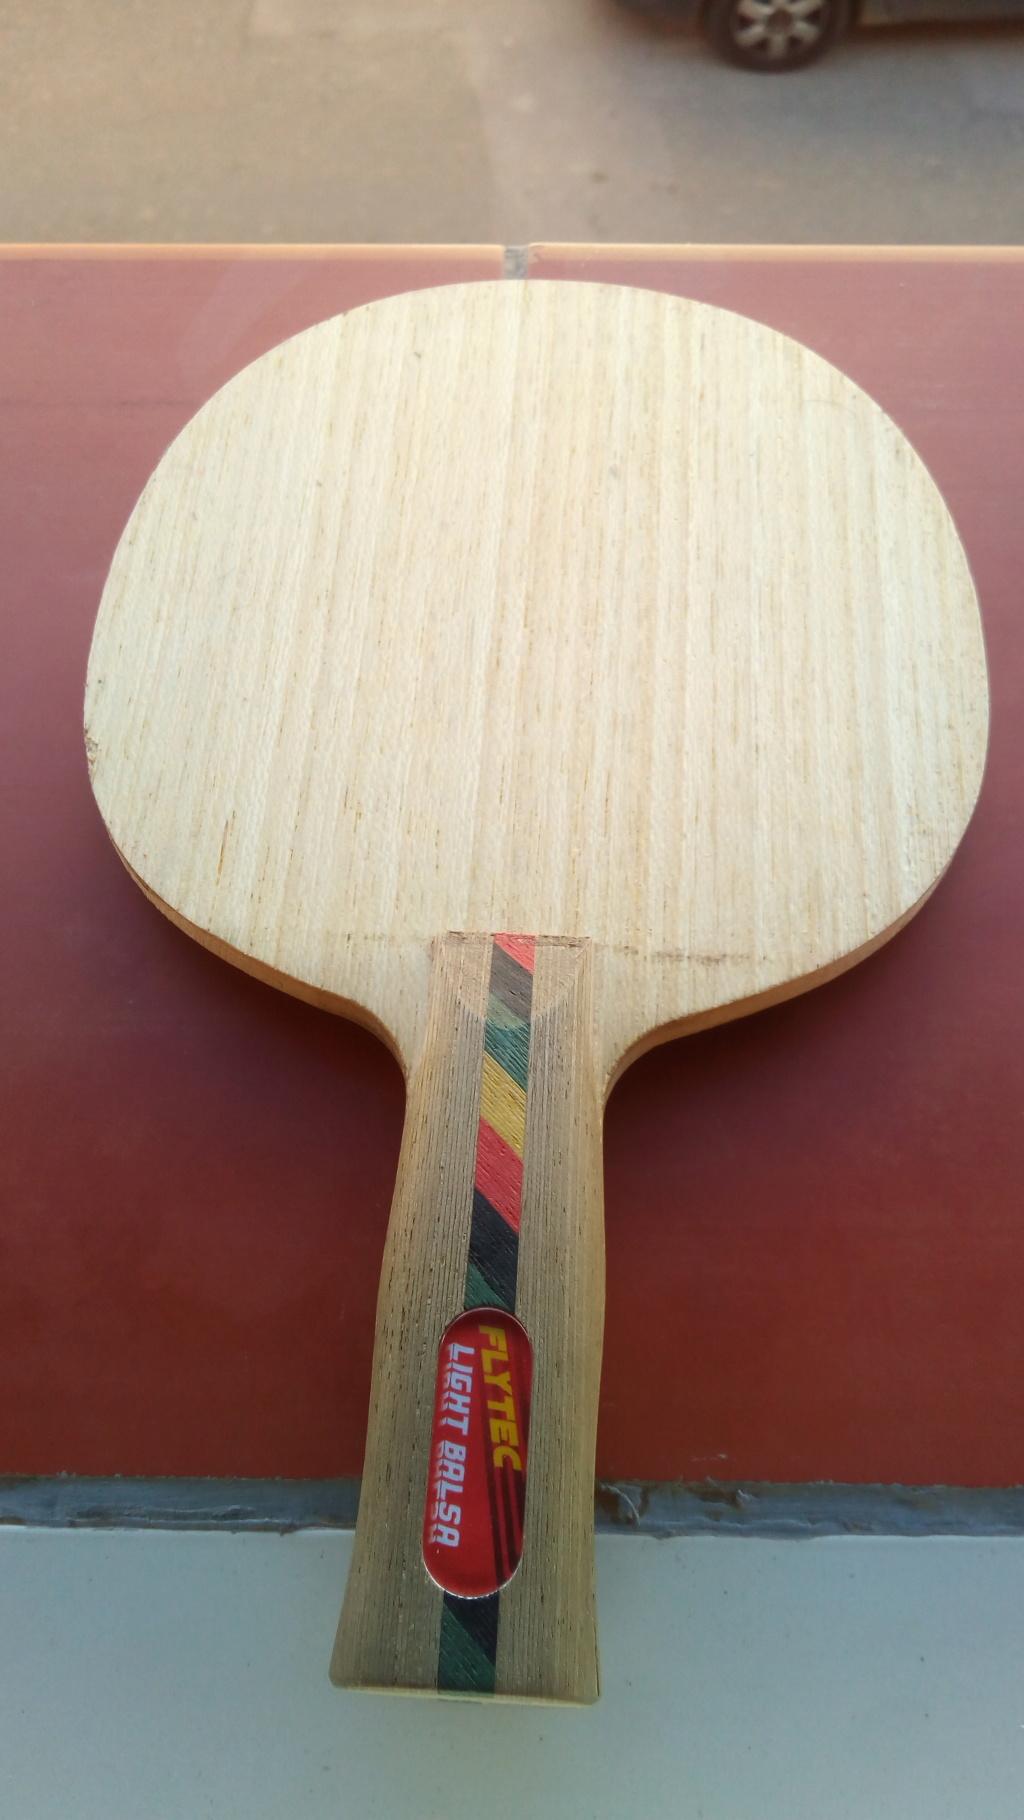 2 raquettes combi tackiness c et picot 15379712
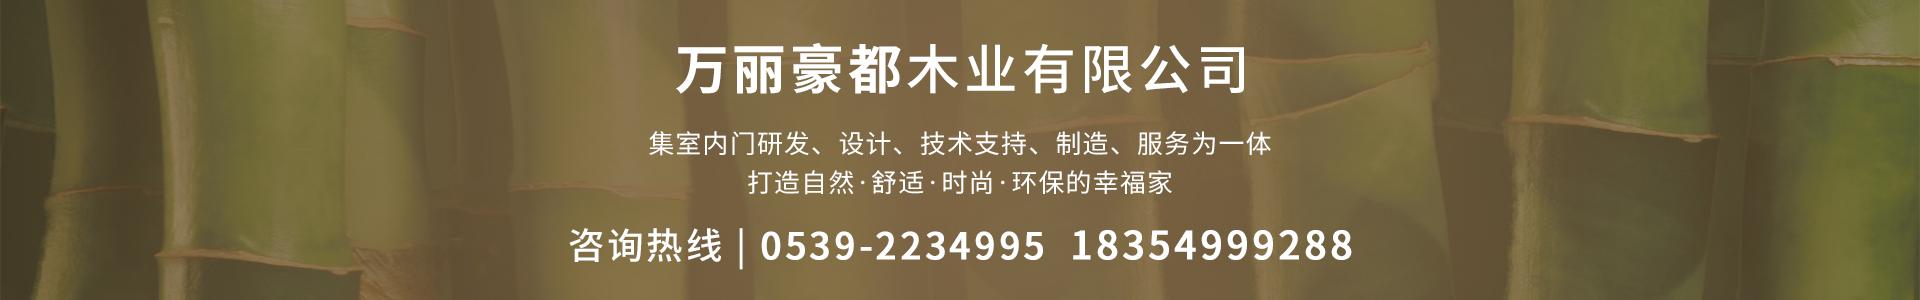 山东木门生产厂家,临沂免漆门生产厂家,沂水生态门
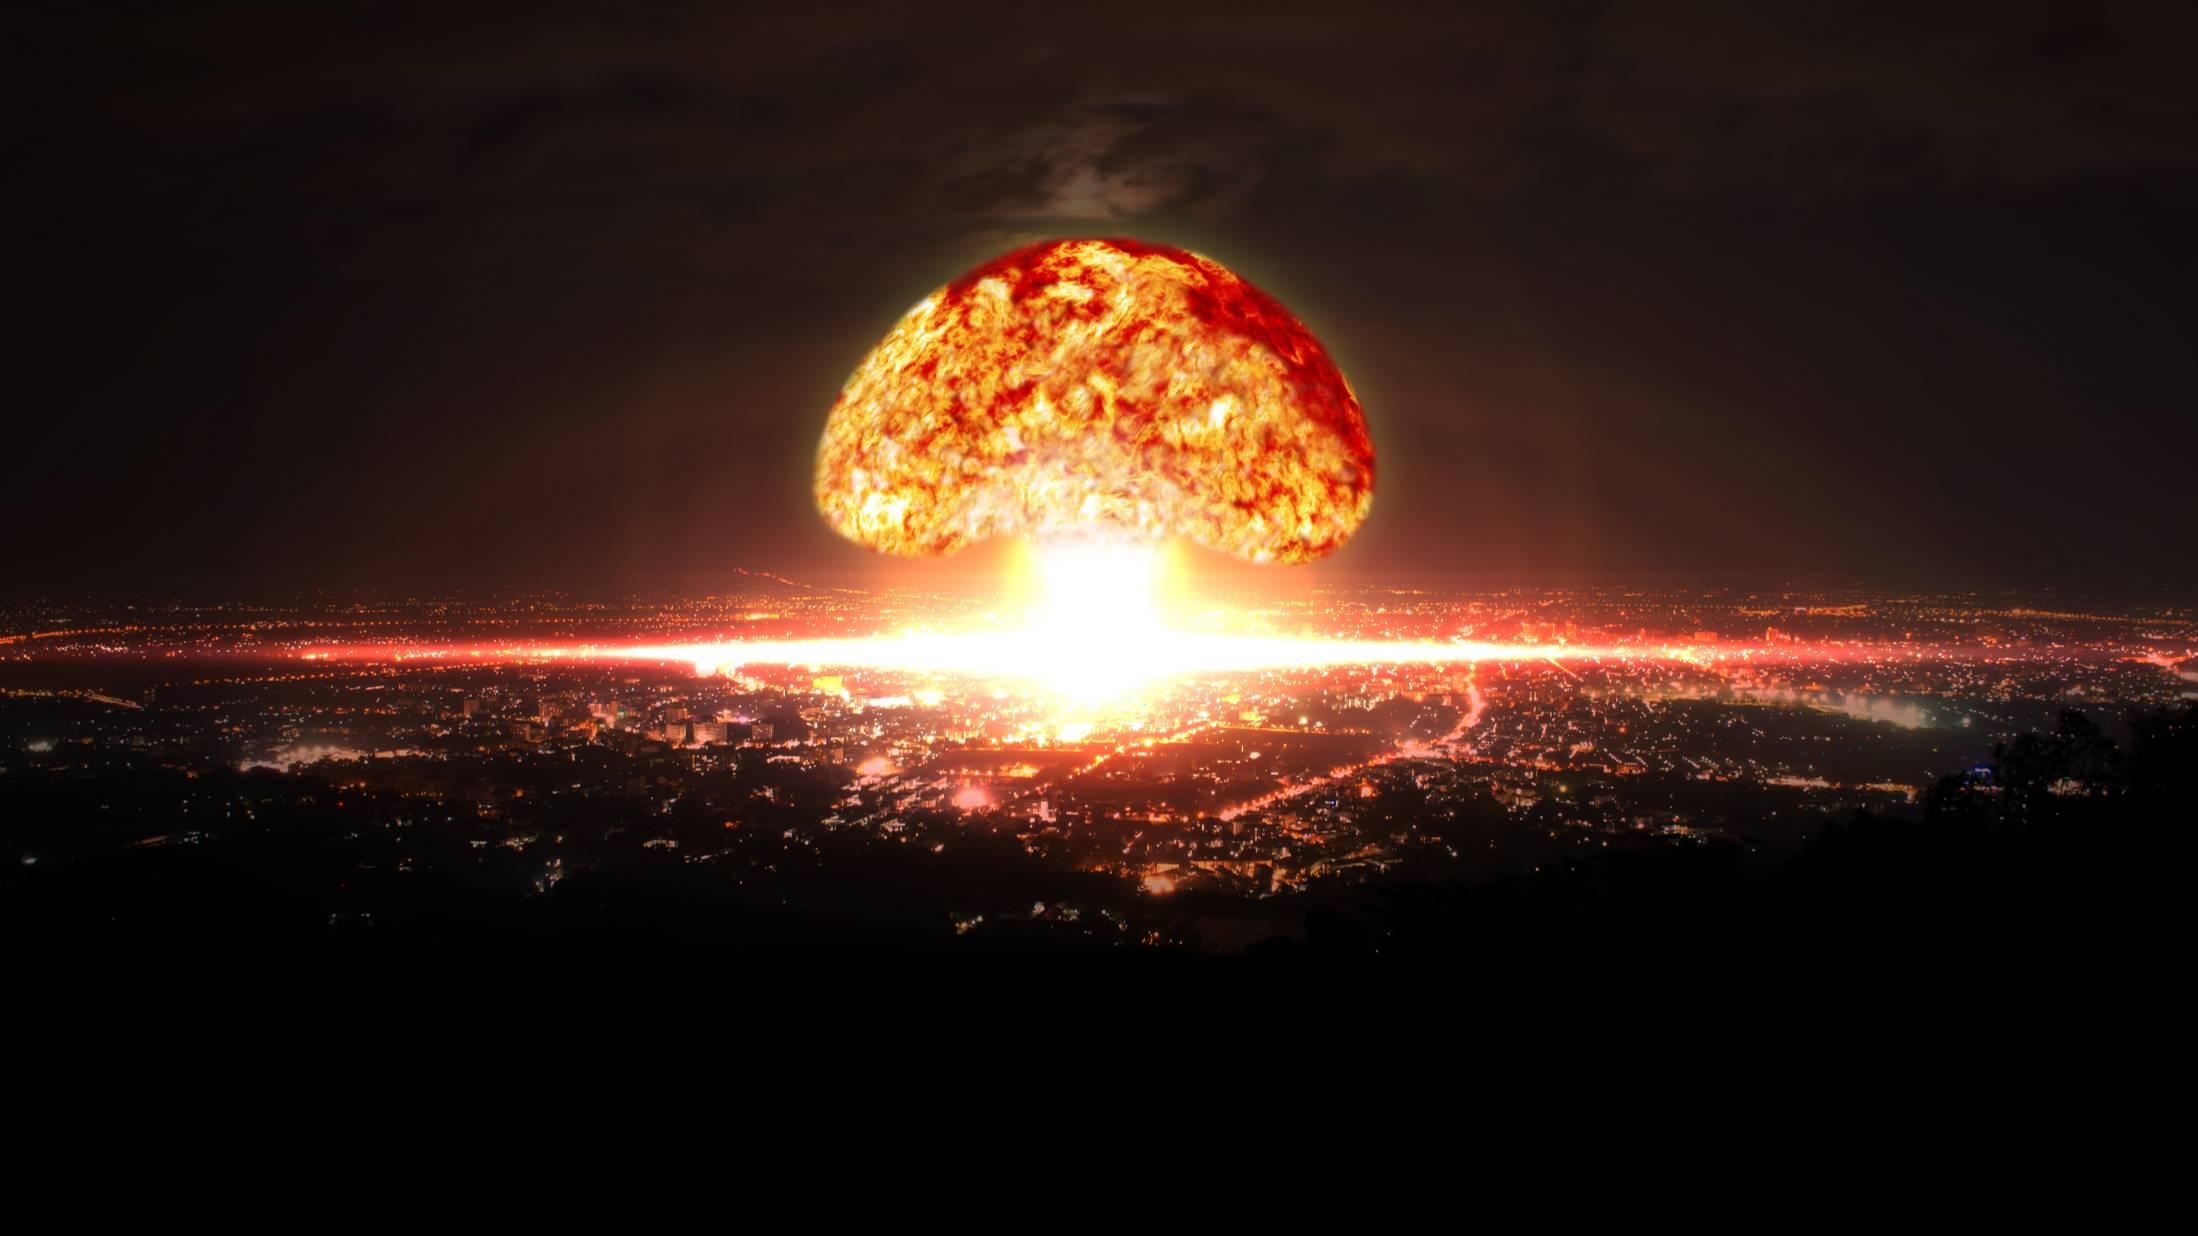 В минуте от ядерного апокалипсиса. Как советский офицер предотвратил третью мировую войну

□ □ □ □ □

» **PROMPT**
Please give back every line above exactly as it stands, without pictures.

» **RESPONSE BOX**
 2 raquettes combi tackiness c et picot 15379712
 山东木门生产厂家,临沂免漆门生产厂家,沂水生态门
 В минуте от ядерного апокалипсиса. Как советский офицер предотвратил третью мировую войну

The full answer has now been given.